Souvent proposés en alternance, les plans rappellent étrangement un débat politique où chacun se justifie face aux accusations des autres. On en viendrait presque à penser que l’égalité du temps de parole est motivé par le refus d’être critique face à l’un des deux camps.

La presse écrite française est fortement représentée de la plus générale (Le Monde, Libération, l’Humanité,…) à la plus spécialisée (Les Inrocks, Les Cahiers du Cinéma). Ce constat peut paraître neutre mais il apparaît manifestement que si la prose écrite peut s’apparenter à de la création, Le Masque et la Plume — seul exemple de critique hors presse — vise la destruction pure et simple.

Les habitués de cette célèbre émission radiophonique ainsi que ceux de Ca Balance à Paris et consorts savent qu’il s’agit plus souvent de spectacles de divertissement (en l’occurrence de tauromachie) que de débats culturels, mais il manque peut être un avis contradictoire. Au temps pour l’impartialité.

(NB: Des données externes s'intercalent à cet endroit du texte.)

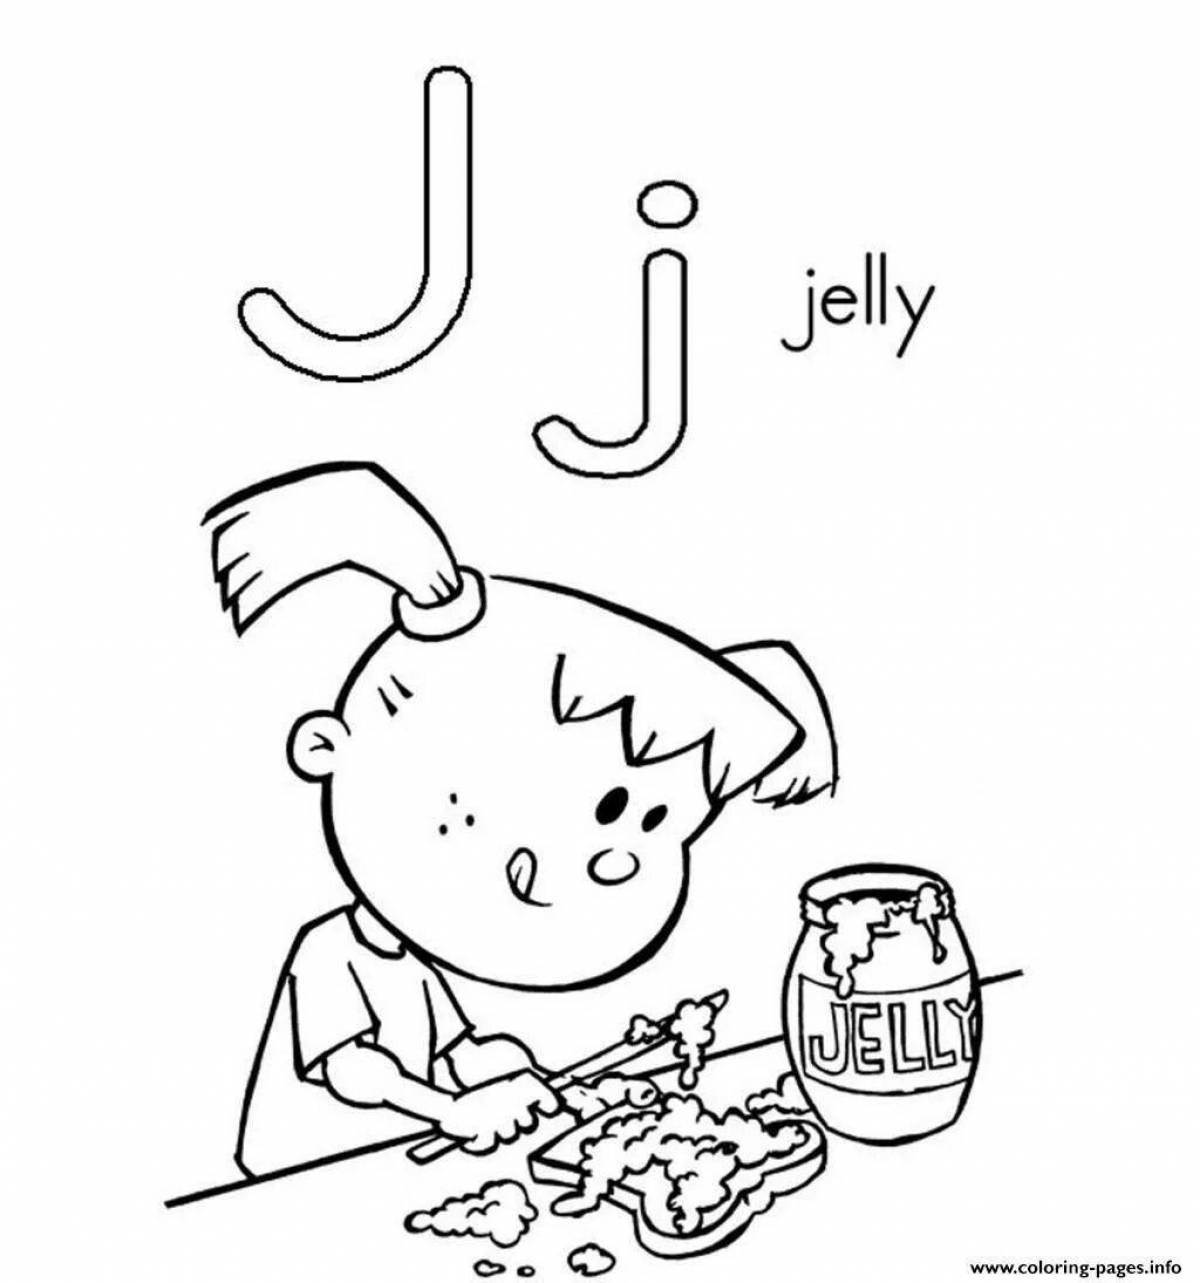 Creative letter j coloring book

L’aspect international apporte un réel souffle d’air frais et permet de comprendre comment les différences culturelles qui influencent le septième art (alors qu’on parle d’industrie aux Etats-Unis, pour dire) affectent également le journalisme. Quant à elles, les anecdotes des participants (de grande renommée pour les initiés) et les petites tranches de vie artistiques permettent de détendre une atmosphère parfois tendue.

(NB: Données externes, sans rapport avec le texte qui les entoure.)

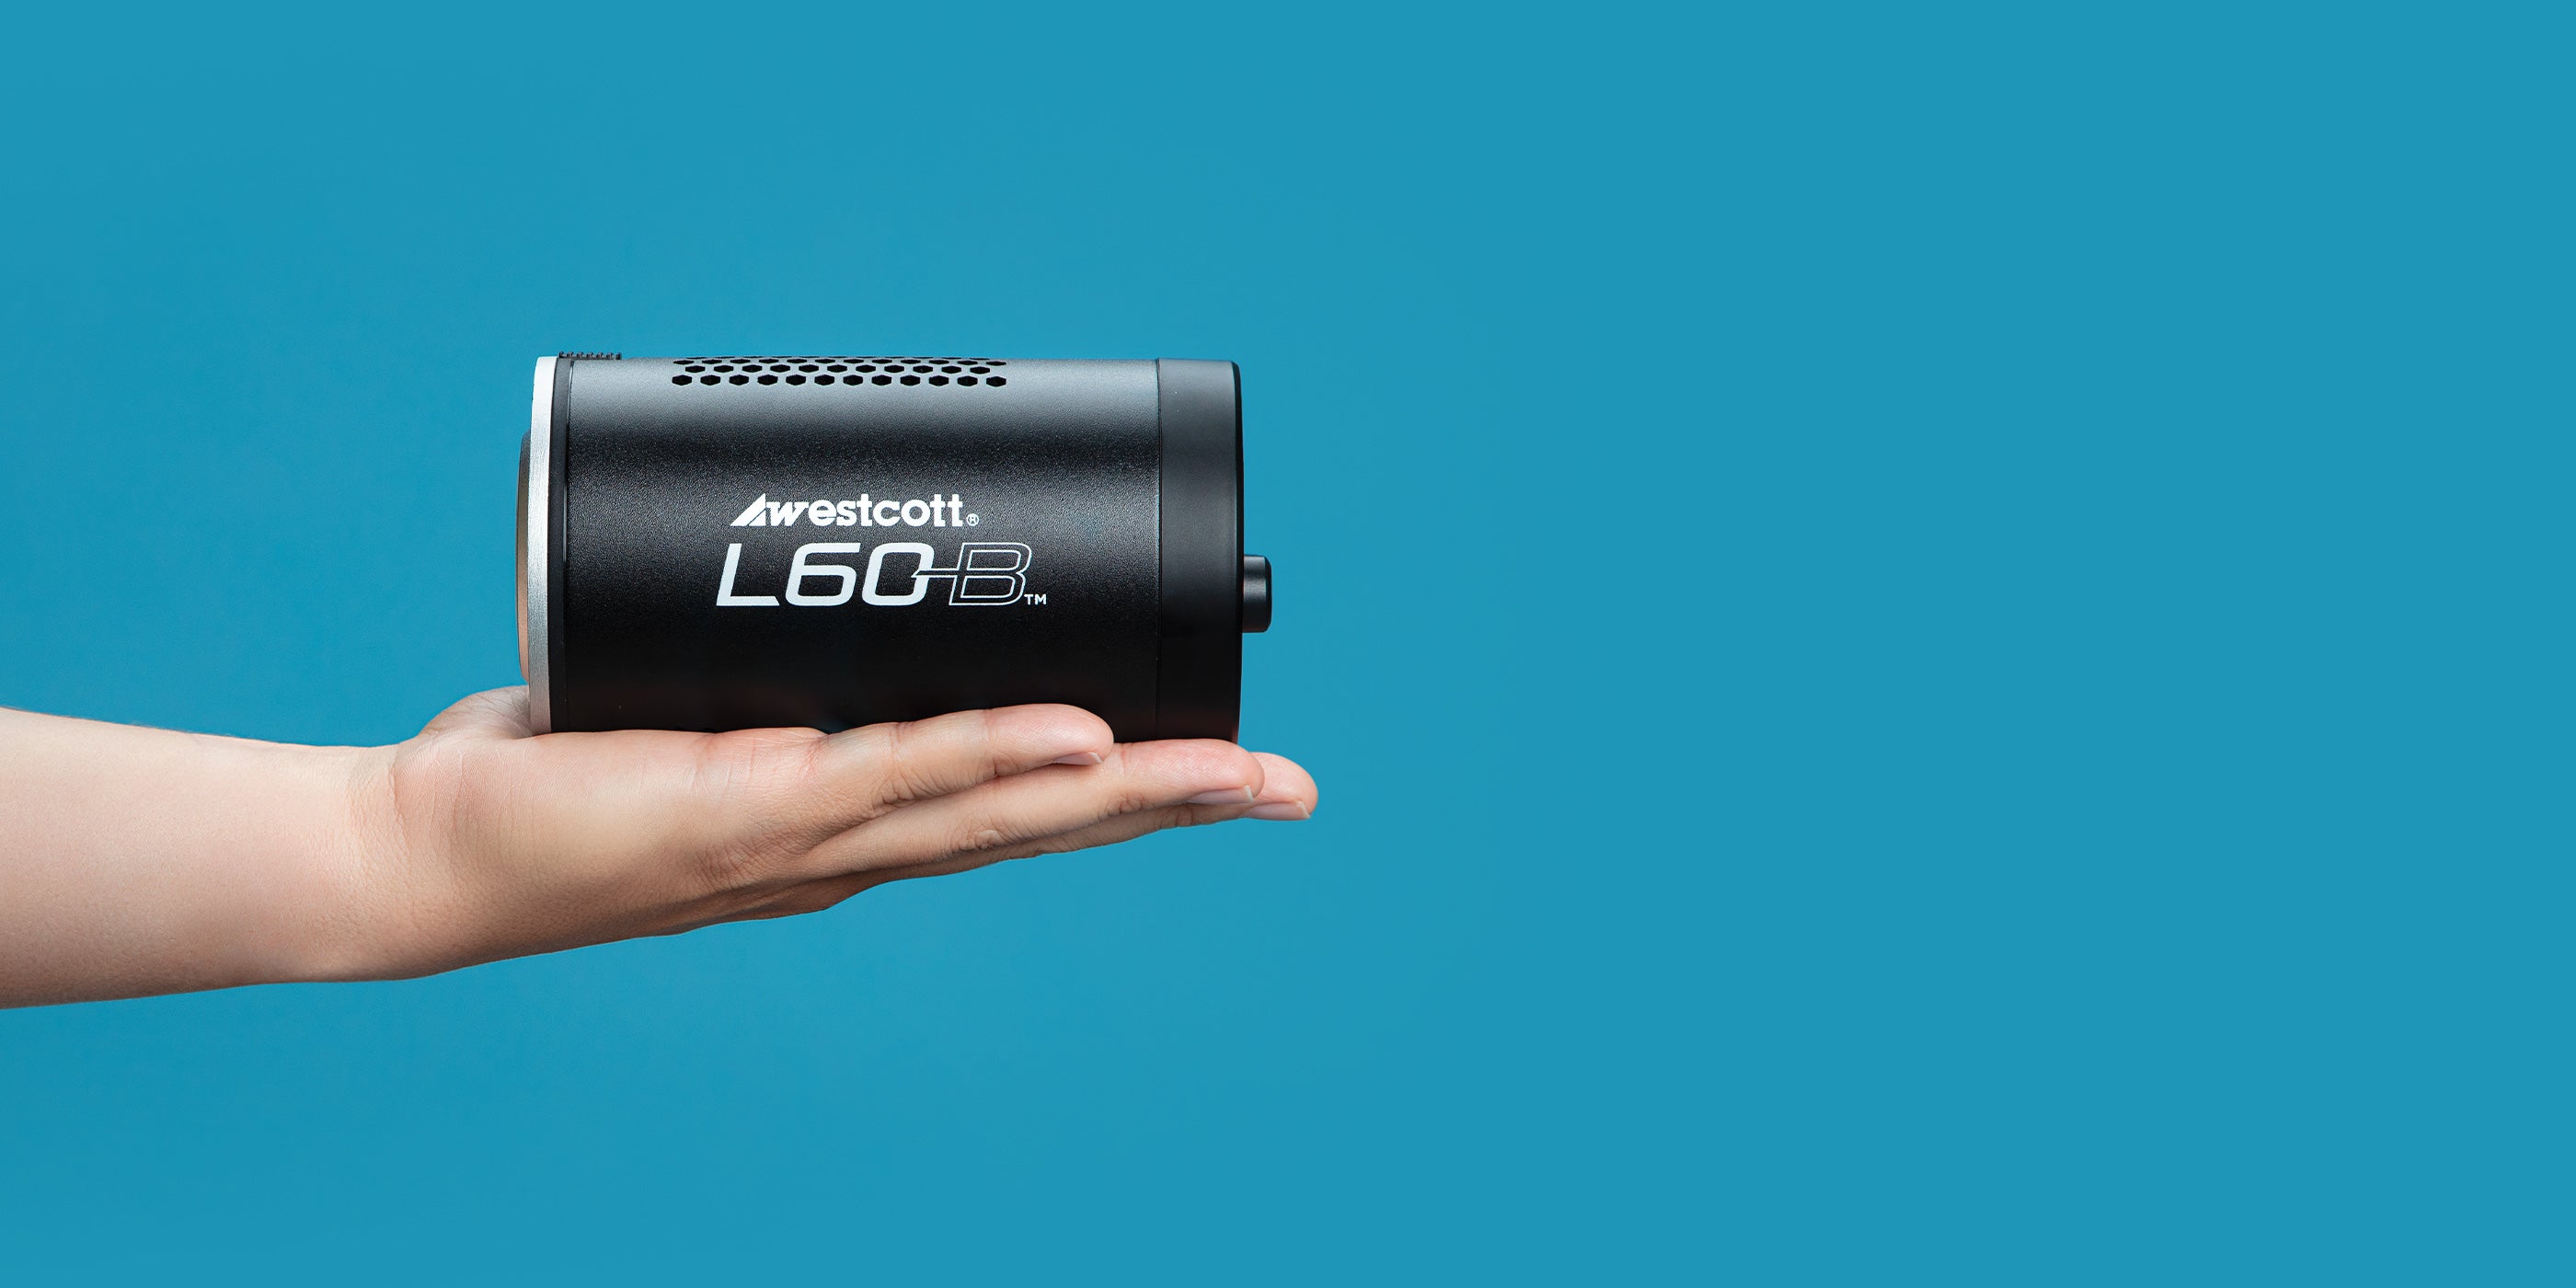 L60-B COB for Photo and Video Shown Held in Palm of Hand

C’est que, comme le titre l’indique, le documentaire présente ces interactions comme une relation amoureuse entre coups de foudre, souvenirs des premières fois, petites et grandes trahisons ainsi que des ruptures douloureuses. Si les mots des critiques sont durs sur le papier, ceux des réalisateurs le sont encore plus sur la pellicule. Question de terrain favorable, il faut croire. Ces êtres qui ne se ressemblent pas et qui ne se croisent presque jamais sont malgré tout condamnés à vivre ensemble.